According to reports, people familiar with the matter revealed that the U.S. Department of Justice plans to launch a lawsuit against Google as early as Tuesday local time because of its dominant position in the digital advertising market.
The people familiar with the matter said the case could be brought before a US federal court by the weekend. But the US Department of Justice has not yet commented on this. Google also declined to comment.
The lawsuit will be the second antitrust action launched against Google by the US Department of Justice. Google currently holds the top spot in the $278.6 billion (currently about RMB 1.89 trillion) US digital advertising market and controls most of the market.
The lawsuit will also be the fifth major lawsuit launched by the US government against Google’s business model.
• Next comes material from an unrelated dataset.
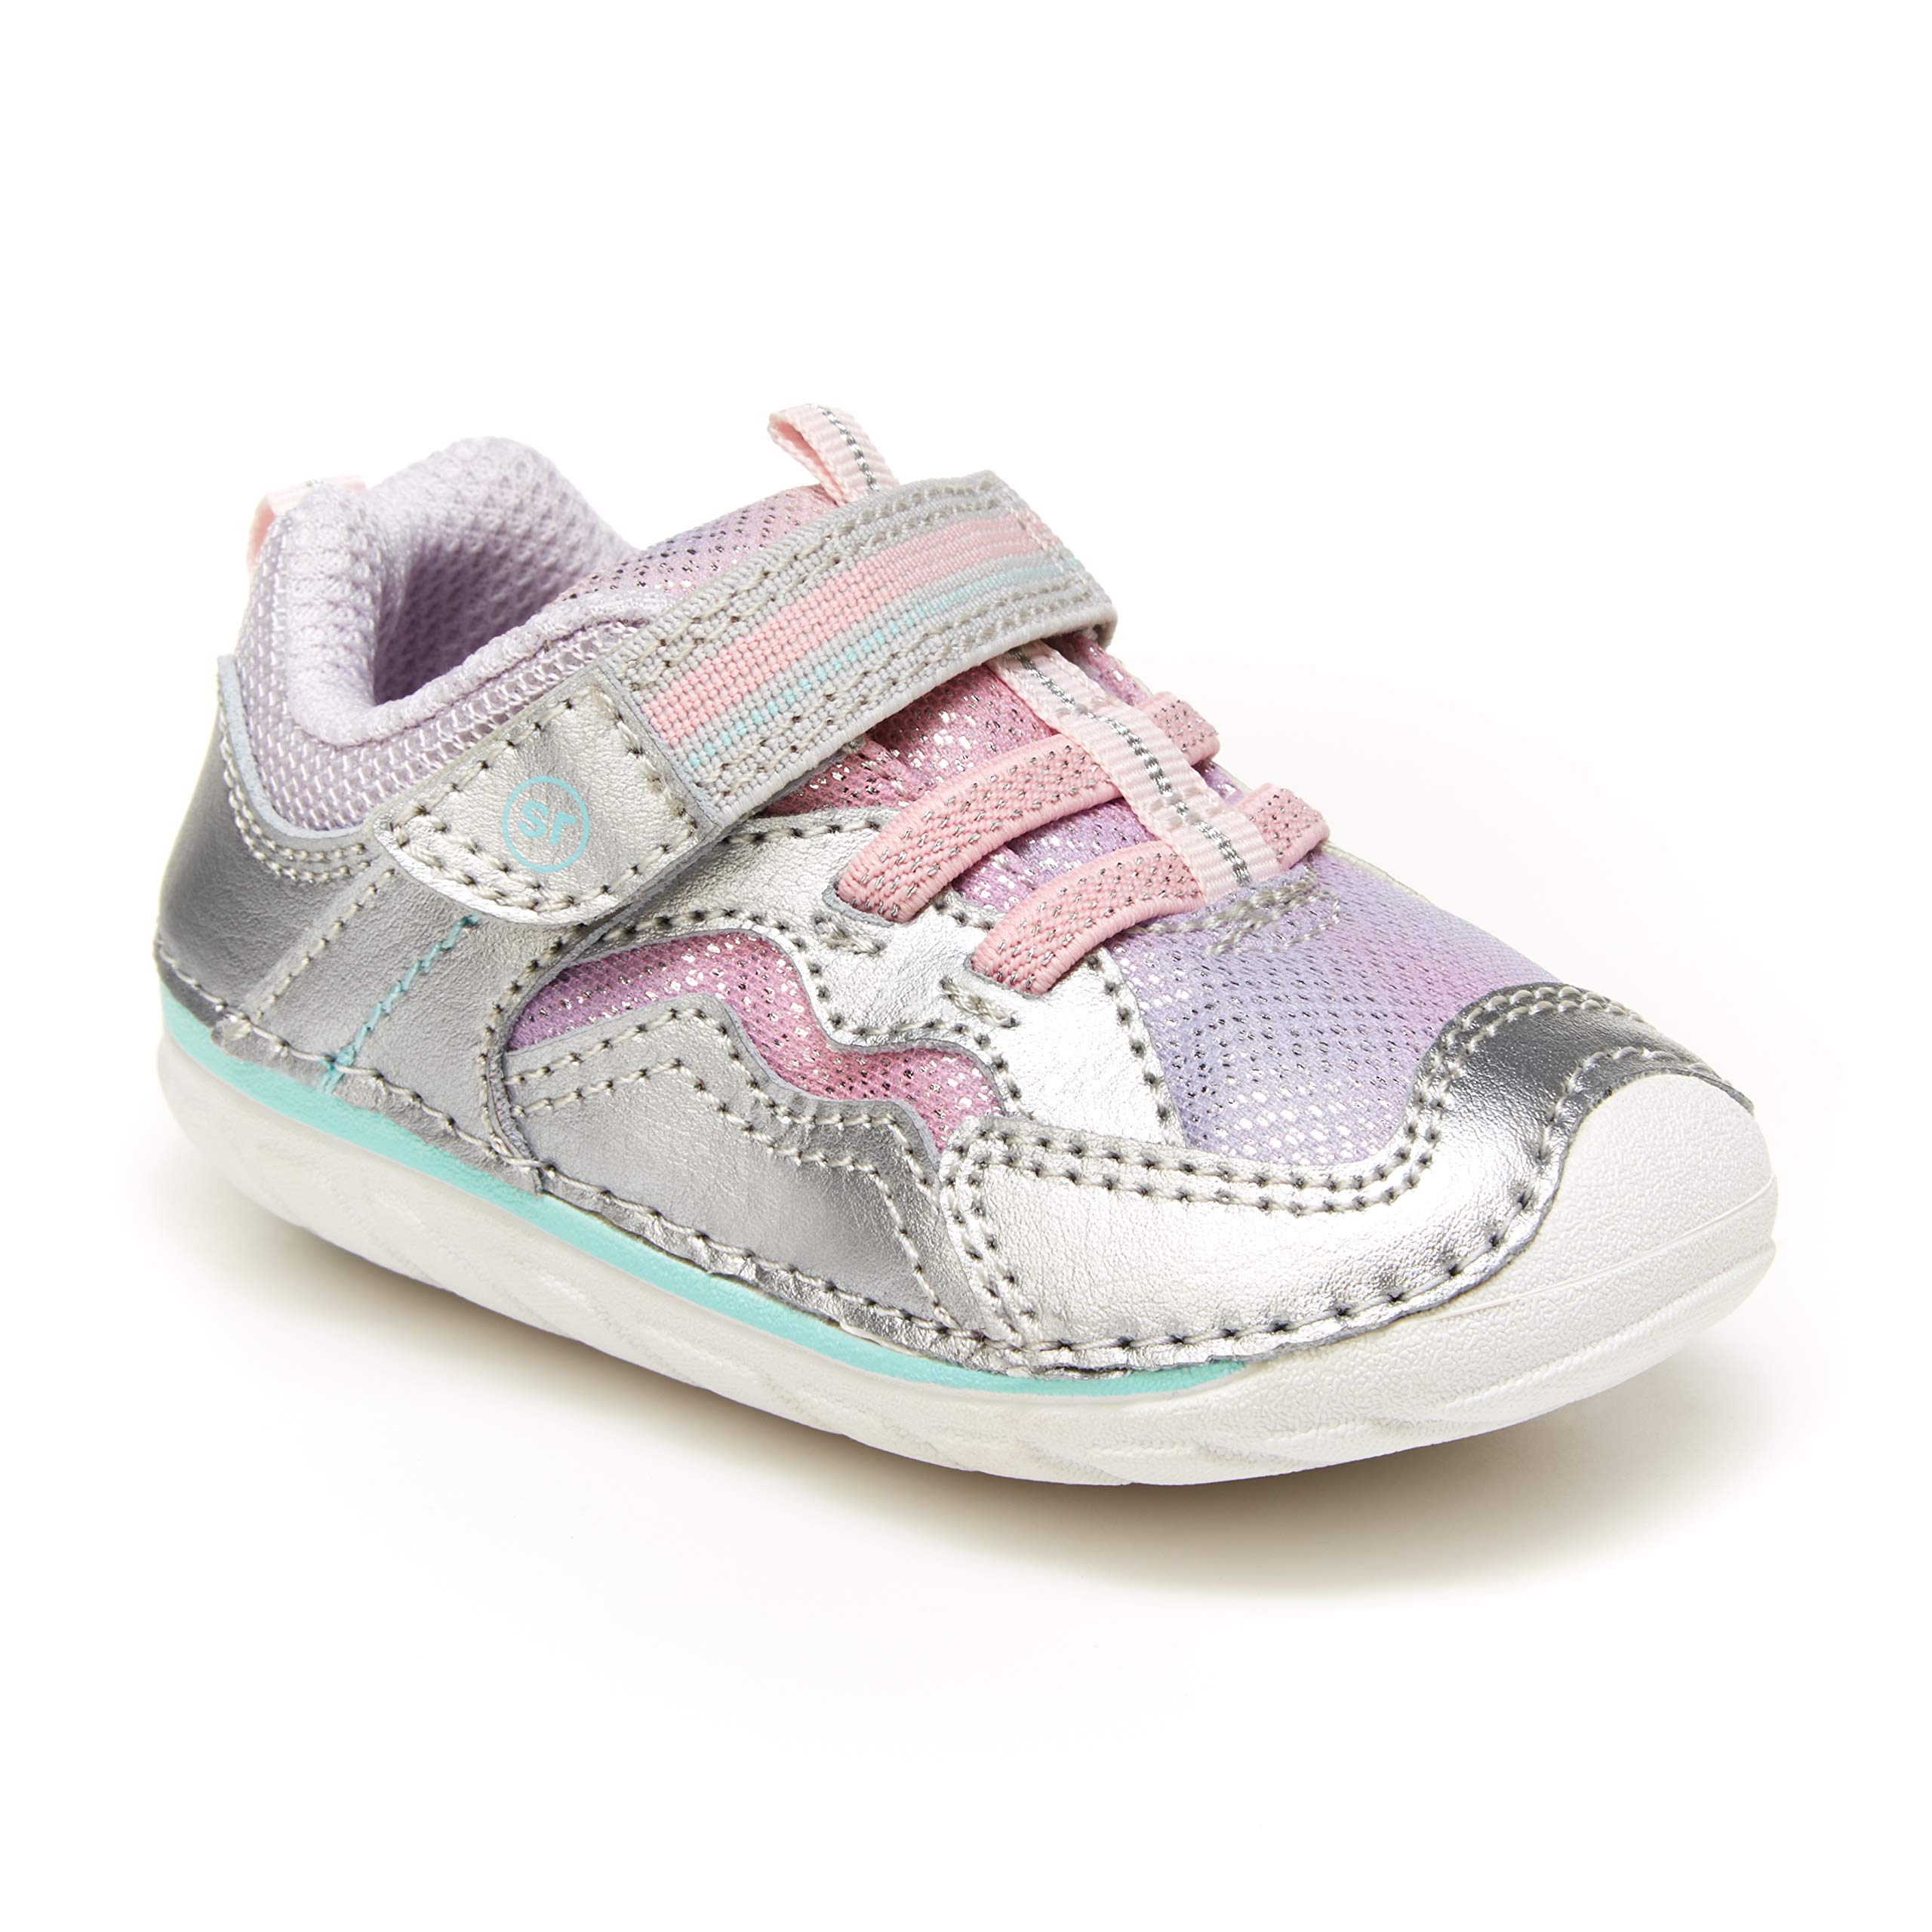 Stride Rite baby girls Soft Motion Kylo Sneaker, Silver/Multi, 4.5 Wide Toddler US

Three other lawsuits have been filed against Google by US state attorneys general alleging that the company’s dominance in search, advertising technology and Android violates US antitrust laws.
According to market research firm eMarketer, Google ranks first in the $626.86 billion (currently about RMB 4.25 trillion) global digital advertising market, of which the US also has the largest share. Google’s parent company Alphabet’s advertising business is expected to generate $73.8 billion (currently about RMB 500.364 billion) in US digital advertising revenue by 2023. Google offers ad-buying services for marketers and ad-selling services for content publishers, as well as creating a quick bidding platform for both parties.
Google has previously stated that the online advertising market is very crowded and highly competitive. In court filings and testimony provided to the US Congress, they said that technology companies, including Amazon, Meta and Microsoft, were significant competitors.
The US Department of Justice began an examination of Google’s dominance of the advertising technology market back in the previous US administration. But the DOJ at the time chose to sue Google’s search business, accusing the company of using exclusive distribution agreements with mobile operators and handset manufacturers to crowd out competitors. The case is due to go to trial in September.